# Descriptive Statistics

In [None]:
import numpy as np
import pandas as pd
from functools import reduce
import matplotlib.pyplot as plt
%matplotlib inline

## Arithmetic mean
## $$ \mathbf{\mu_{x}} = E[X] = \frac{x_{1} + x_{2} ... x_{N}}{N}$$

In [None]:
# A sequence of 1M normally distributed numbers
X = np.random.normal(loc=0.25, scale=0.10, size=(1000000,))
_ = plt.hist(X, bins=50)

In [None]:
print(X.mean())

In [None]:
print(X.std())

## Why is this important?

In [None]:
from scipy.stats import probplot

In [None]:
probplot(X, (0.25, 10), plot=plt)

In [None]:
Y = np.random.poisson(size=(1000000,))
probplot(Y, (Y.mean(), Y.std()), plot=plt)
plt.figure()
_ = plt.hist(Y, bins=50)

## Mean as a function of the means of parts
1. ### Divide $X$ into $k$ equal-sized partitions, $\{p_{1}, p_{2}, p_{3} ... p_{k}\}$, where size of each partition is $n$
2. ### Then $E[X]$ is defined as the mean of the means of each partition, i.e.

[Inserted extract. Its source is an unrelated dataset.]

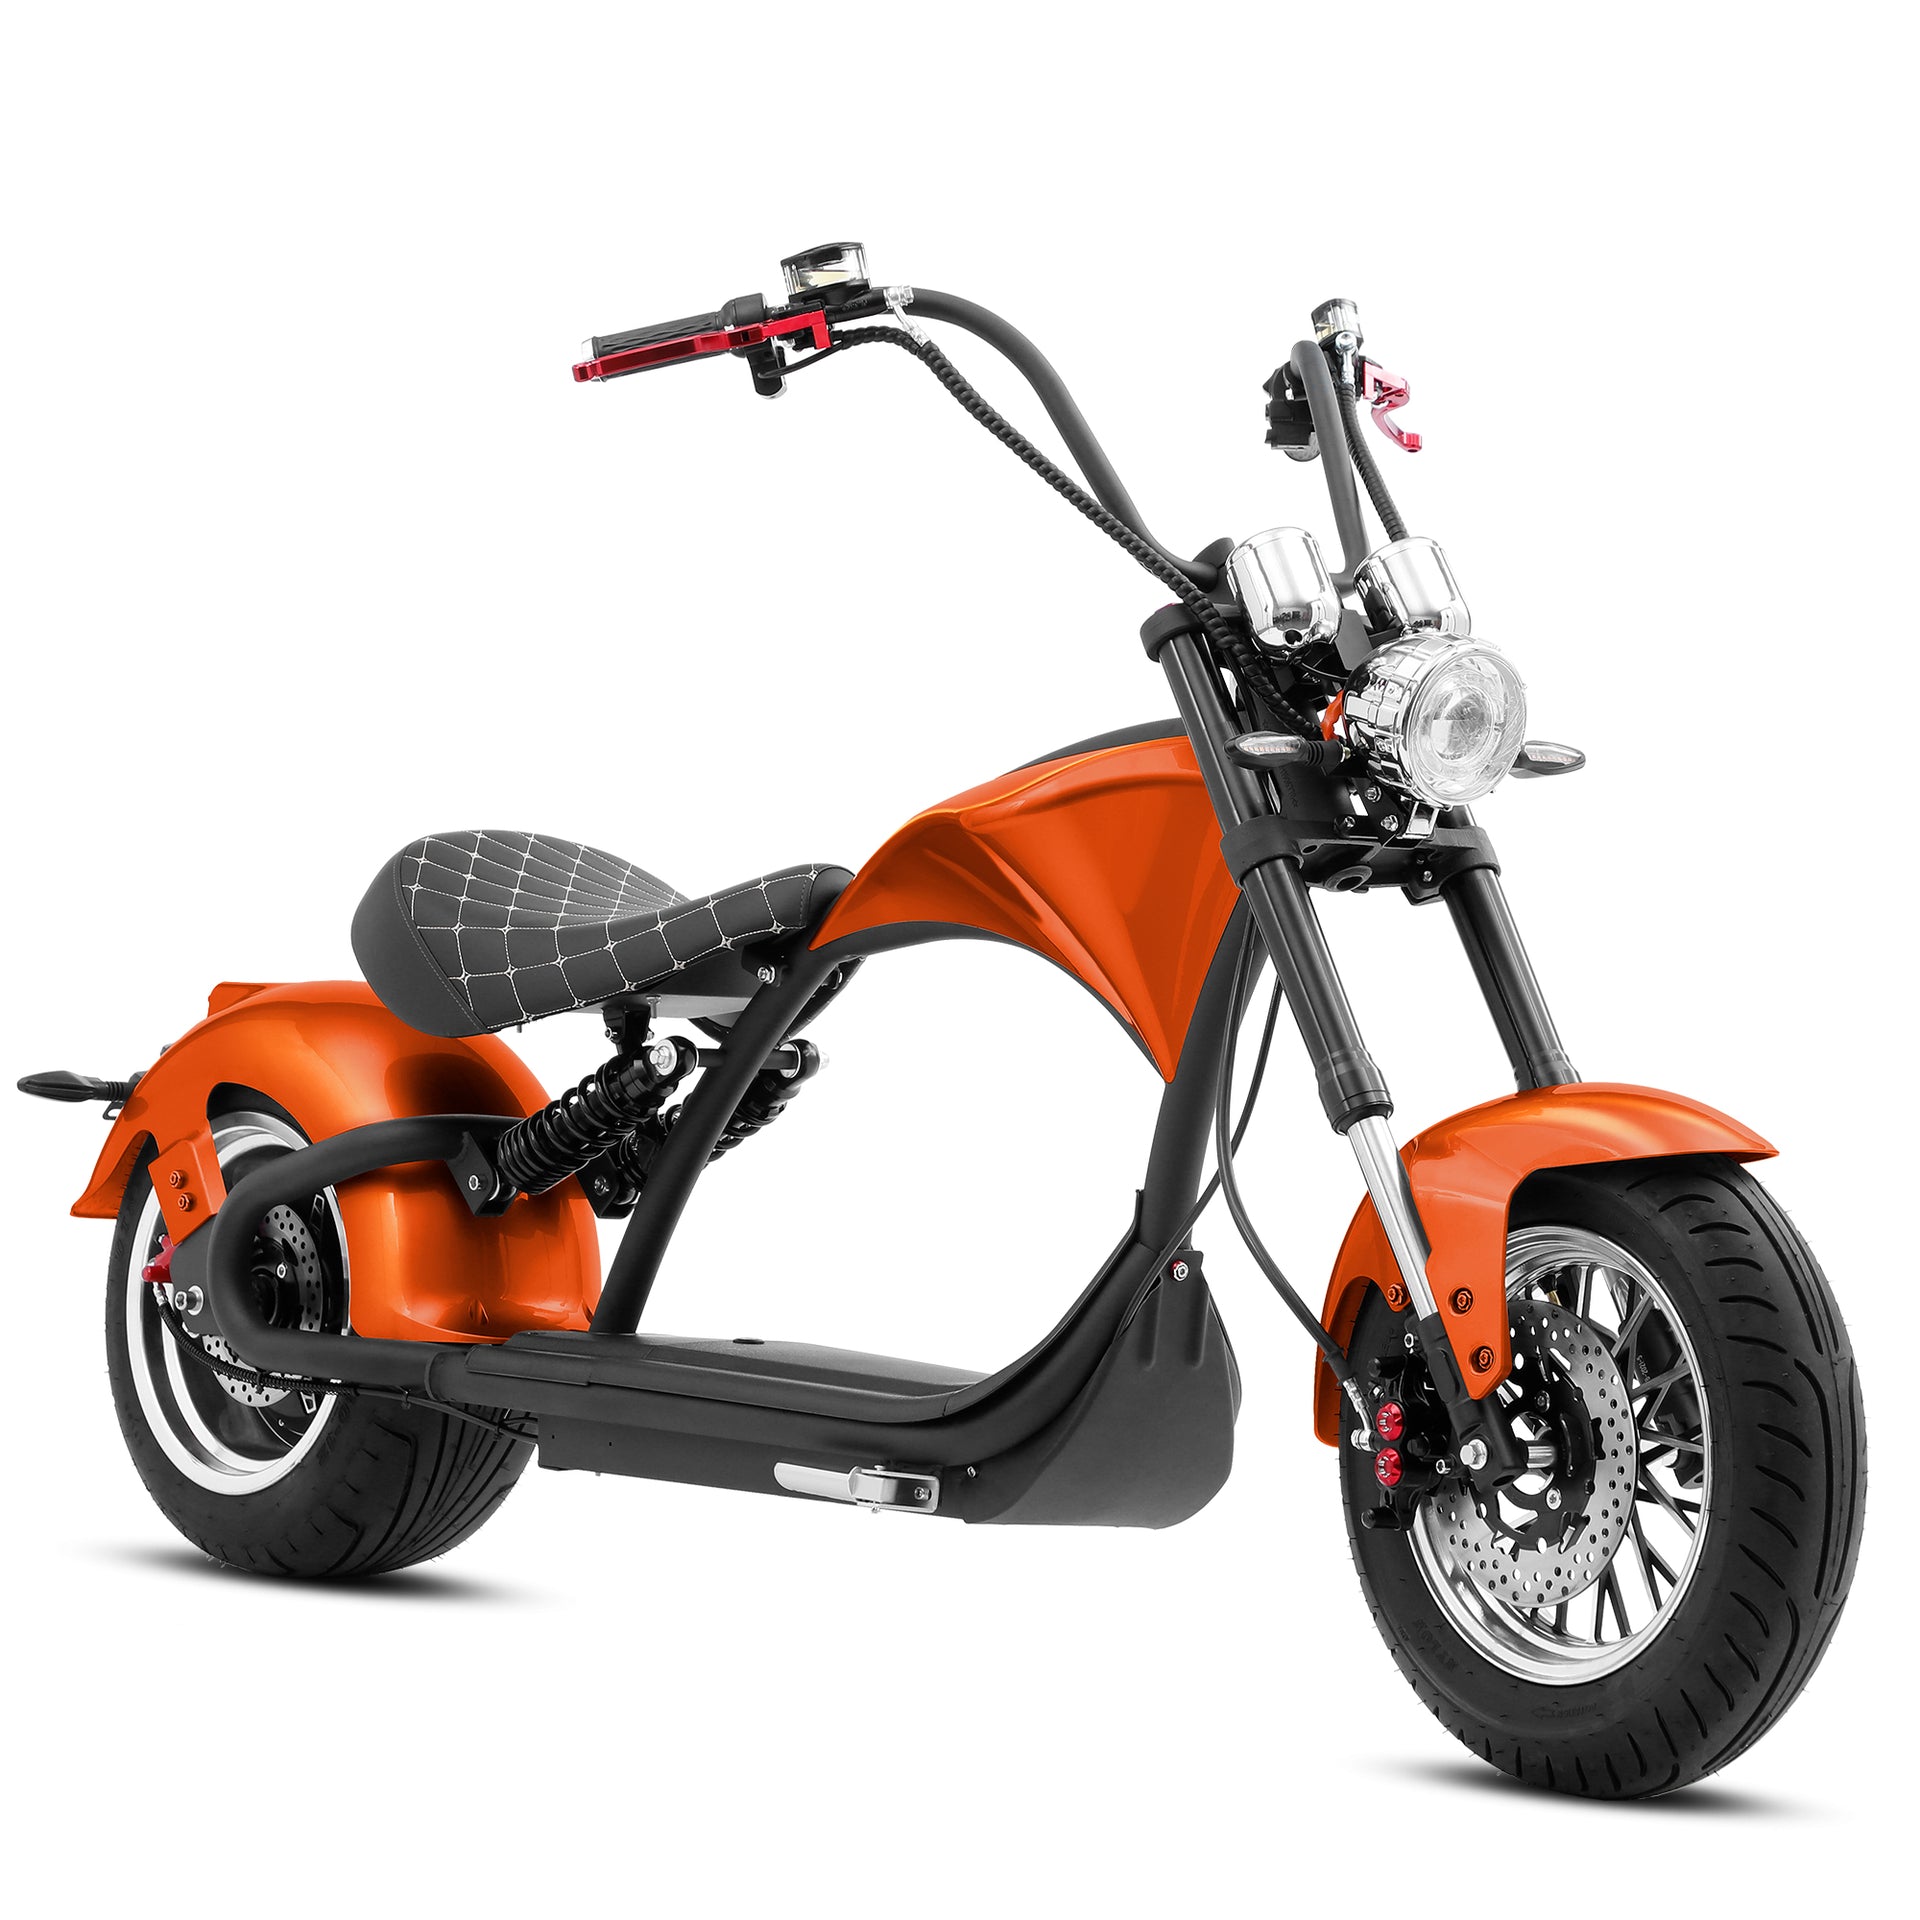 Eahora Emars M1P 2000W Electric Scooter With 60V 30AH 1.8KWH Battery - 37MPH -Orange

$$ E[X] = \frac{E[p_{1}] + E[p_{2}] ... E[p_{k}]}{k} $$

$$ \therefore E[X] = \frac{\frac{p_{1}}{n} + \frac{p_{2}}{n} ... \frac{p_{k}}{n}}{k} $$

$$ \therefore E[X] = \frac{p_{1} + p_{2} ... p_{k}}{nk} $$

In [None]:
k = 1000

In [None]:
partitions = np.split(X, k)

In [None]:
meanMap = map(np.mean, partitions)

In [None]:
meanReduce = reduce(lambda x, y: x + y, meanMap) / k
print(meanReduce)

In [None]:
# Simpler implementation from the second example:

In [None]:
meanMap = map(np.sum, partitions)
meanReduce = reduce(lambda x, y: x + y, meanMap) / X.shape[0]
print(meanReduce)

## Exercise: Find the mean of the sequence $Z$ below.
## Use three different partition sizes, and check if the result changes
## Is it a Gaussian distribution?

In [None]:
Z = np.random.beta(2, 5, size=(1000000,))

In [None]:
# enter code here

## Mode & Median

### Median - midpoint of a _sorted_ sequence of values

In [None]:
np.median(Z)

In [None]:
middle = int(Z.shape[0] / 2)
sort_z = np.sort(Z)
left = sort_z[:middle]
right = sort_z[middle:]

median = (left[-1] + right[0]) / 2
print(median)

### Mode - the most frequently occuring value

In [None]:
from collections import Counter
counter = Counter(['apple', 'orange', 'banana', 'apple', 'apple', 'orange', 'banana', 'orange', 'banana', 'apple'])
counter

In [None]:
counter.most_common(1)

In [None]:
df = pd.read_csv('data/hwg.csv')
df.head()

In [None]:
df['Gender'].mode()

In [None]:
df['Gender'].value_counts()

## Variance and Standard Deviation
## $$ V[X] = E[(X - \mu)^2]$$
### where
## $$ \mu = E[X] $$

### The arithmetic mean is a linear operator, thus,
## $$ V = E[(X - \mu)^2]$$
## $$ \therefore V = E[X^2 - 2X\mu + \mu^2] $$
## $$ \therefore V = E[X^2] - 2E[X]\mu + \mu^2 $$
## $$ \therefore V = E[X^2] - 2\mu^2 + \mu^2 $$
## $$ \therefore V = E[X^2] - \mu^2 $$

In [None]:
mu = meanReduce

In [None]:
mu_sq = meanReduce ** 2

## Exercise: Calculate the variance of $\mathbf{x}$
### Hint: Use the following function to square the elements in a sequence:

In [None]:
def square_sequence(x):
    return [i ** 2 for i in x]

In [None]:
# enter code here

In [None]:
print(X.var())

## Exercise: Normalize the following dataset 
### Step 1: Centering - subtract the mean of each column from that column
### Step 2: Scaling - Divide the centered values of each column by the standard deviation of that column
### Hint: use the `np.mean` and `np.var` (or `np.std`) functions

In [None]:
df = pd.read_csv('data/hwg.csv')
X = df
df.head()

In [None]:
# enter code here